_Task directions_: Return only the lines running from the top of the entries to the line with "Jane Sayner con", inclusive, exactly as written.

_Data supplied_:
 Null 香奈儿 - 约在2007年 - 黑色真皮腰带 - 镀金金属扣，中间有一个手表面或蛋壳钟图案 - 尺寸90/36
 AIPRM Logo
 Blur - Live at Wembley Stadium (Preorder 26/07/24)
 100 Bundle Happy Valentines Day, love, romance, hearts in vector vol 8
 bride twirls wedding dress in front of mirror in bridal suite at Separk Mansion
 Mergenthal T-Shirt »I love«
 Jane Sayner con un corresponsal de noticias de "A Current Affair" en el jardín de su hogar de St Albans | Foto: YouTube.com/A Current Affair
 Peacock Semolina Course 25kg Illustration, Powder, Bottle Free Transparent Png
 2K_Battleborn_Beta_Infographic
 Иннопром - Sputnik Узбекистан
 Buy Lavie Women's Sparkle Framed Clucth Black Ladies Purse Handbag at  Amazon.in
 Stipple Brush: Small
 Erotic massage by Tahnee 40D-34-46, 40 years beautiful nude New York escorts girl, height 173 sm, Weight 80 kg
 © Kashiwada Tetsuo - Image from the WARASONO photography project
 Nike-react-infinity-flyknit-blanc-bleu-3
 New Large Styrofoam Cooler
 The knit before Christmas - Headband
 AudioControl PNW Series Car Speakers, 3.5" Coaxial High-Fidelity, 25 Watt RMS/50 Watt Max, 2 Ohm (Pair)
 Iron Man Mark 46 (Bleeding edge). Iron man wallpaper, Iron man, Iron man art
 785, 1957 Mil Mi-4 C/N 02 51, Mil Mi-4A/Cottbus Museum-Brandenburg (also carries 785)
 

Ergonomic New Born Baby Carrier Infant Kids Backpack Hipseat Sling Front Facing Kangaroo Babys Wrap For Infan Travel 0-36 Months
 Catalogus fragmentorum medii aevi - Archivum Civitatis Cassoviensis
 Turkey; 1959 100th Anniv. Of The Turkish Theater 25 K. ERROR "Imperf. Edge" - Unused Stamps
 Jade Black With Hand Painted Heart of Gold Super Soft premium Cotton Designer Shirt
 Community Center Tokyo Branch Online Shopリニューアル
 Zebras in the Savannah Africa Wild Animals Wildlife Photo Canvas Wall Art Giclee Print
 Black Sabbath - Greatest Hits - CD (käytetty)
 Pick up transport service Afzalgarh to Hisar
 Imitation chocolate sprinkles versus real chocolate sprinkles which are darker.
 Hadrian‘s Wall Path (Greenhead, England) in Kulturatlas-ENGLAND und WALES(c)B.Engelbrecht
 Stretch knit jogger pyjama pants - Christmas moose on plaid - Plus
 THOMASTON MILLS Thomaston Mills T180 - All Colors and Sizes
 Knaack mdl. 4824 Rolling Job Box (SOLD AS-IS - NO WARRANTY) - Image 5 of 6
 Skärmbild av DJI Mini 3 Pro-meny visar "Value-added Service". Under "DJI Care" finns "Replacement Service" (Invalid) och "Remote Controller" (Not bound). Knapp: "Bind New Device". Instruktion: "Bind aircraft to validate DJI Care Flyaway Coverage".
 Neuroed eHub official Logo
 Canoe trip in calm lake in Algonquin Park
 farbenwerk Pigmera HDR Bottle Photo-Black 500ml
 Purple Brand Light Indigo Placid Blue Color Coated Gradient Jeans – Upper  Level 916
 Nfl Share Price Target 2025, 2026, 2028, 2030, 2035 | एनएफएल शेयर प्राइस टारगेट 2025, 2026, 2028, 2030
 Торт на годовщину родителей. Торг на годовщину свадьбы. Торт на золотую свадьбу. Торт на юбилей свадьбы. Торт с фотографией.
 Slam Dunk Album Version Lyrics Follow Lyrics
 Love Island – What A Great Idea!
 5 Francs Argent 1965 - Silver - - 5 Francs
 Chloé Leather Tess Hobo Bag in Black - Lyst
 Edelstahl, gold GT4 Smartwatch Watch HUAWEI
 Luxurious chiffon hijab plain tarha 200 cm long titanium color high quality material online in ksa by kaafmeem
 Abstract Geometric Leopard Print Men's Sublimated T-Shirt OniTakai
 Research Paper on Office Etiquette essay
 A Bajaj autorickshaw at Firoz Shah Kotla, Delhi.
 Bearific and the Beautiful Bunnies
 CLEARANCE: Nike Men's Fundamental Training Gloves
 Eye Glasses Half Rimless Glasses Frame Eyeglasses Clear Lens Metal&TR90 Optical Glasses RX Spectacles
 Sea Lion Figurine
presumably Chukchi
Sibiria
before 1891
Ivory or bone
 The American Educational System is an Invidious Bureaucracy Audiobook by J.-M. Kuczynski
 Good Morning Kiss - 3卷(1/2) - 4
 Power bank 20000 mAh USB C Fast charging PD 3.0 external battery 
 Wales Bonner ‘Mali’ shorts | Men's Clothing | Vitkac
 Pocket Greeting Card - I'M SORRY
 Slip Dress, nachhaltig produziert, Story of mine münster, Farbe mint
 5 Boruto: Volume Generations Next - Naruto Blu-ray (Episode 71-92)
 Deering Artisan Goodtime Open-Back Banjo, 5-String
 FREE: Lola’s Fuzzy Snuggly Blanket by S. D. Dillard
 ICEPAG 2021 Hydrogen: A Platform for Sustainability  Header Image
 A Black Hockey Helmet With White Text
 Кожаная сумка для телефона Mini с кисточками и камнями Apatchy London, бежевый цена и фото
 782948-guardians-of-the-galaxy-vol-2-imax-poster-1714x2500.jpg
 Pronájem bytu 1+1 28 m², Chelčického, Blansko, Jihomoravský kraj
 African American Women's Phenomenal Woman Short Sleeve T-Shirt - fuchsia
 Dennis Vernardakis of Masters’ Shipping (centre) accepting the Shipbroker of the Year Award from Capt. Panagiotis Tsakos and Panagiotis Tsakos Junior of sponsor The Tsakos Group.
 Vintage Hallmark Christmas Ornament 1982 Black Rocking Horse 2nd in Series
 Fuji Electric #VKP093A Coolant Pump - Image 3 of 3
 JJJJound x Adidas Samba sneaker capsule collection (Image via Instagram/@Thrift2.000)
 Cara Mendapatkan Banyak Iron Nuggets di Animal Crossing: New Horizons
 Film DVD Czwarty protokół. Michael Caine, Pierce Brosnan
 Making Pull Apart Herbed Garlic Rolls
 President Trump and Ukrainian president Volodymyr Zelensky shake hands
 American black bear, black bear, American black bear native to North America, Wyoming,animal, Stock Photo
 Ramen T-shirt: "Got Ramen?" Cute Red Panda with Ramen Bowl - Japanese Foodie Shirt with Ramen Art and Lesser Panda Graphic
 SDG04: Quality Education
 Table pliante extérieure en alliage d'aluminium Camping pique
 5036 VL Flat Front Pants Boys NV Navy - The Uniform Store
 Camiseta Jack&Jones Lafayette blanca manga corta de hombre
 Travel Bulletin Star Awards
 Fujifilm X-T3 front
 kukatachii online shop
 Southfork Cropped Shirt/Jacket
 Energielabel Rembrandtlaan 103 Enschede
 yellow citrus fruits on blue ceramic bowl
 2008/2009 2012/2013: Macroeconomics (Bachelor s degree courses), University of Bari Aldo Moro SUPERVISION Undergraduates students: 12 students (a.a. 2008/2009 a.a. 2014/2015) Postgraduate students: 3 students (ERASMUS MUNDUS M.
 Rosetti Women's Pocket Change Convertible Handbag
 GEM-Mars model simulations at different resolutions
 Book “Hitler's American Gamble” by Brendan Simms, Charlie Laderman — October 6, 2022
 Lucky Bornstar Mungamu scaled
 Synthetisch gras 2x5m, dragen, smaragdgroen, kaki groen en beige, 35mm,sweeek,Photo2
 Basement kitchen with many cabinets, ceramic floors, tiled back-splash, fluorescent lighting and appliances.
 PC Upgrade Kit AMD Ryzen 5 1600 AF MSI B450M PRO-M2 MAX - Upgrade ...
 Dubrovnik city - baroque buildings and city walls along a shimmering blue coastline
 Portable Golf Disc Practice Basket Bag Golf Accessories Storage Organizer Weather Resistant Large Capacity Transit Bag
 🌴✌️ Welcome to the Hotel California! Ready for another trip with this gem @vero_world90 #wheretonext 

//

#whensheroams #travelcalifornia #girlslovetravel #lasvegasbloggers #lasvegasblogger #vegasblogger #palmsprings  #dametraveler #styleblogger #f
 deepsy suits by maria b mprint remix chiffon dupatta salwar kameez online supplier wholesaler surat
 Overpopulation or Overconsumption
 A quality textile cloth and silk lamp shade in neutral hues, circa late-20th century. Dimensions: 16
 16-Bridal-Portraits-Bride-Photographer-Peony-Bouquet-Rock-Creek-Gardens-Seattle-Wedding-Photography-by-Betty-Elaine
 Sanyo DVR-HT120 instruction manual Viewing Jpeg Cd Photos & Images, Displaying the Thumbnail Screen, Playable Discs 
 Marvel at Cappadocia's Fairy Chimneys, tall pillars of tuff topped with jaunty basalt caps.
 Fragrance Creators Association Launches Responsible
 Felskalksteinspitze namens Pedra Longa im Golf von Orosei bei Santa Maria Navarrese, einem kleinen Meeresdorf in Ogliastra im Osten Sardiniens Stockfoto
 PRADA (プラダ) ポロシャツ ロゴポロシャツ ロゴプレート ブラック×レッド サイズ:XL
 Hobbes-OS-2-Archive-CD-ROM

_Exercise output_:
 Null 香奈儿 - 约在2007年 - 黑色真皮腰带 - 镀金金属扣，中间有一个手表面或蛋壳钟图案 - 尺寸90/36
 AIPRM Logo
 Blur - Live at Wembley Stadium (Preorder 26/07/24)
 100 Bundle Happy Valentines Day, love, romance, hearts in vector vol 8
 bride twirls wedding dress in front of mirror in bridal suite at Separk Mansion
 Mergenthal T-Shirt »I love«
 Jane Sayner con un corresponsal de noticias de "A Current Affair" en el jardín de su hogar de St Albans | Foto: YouTube.com/A Current Affair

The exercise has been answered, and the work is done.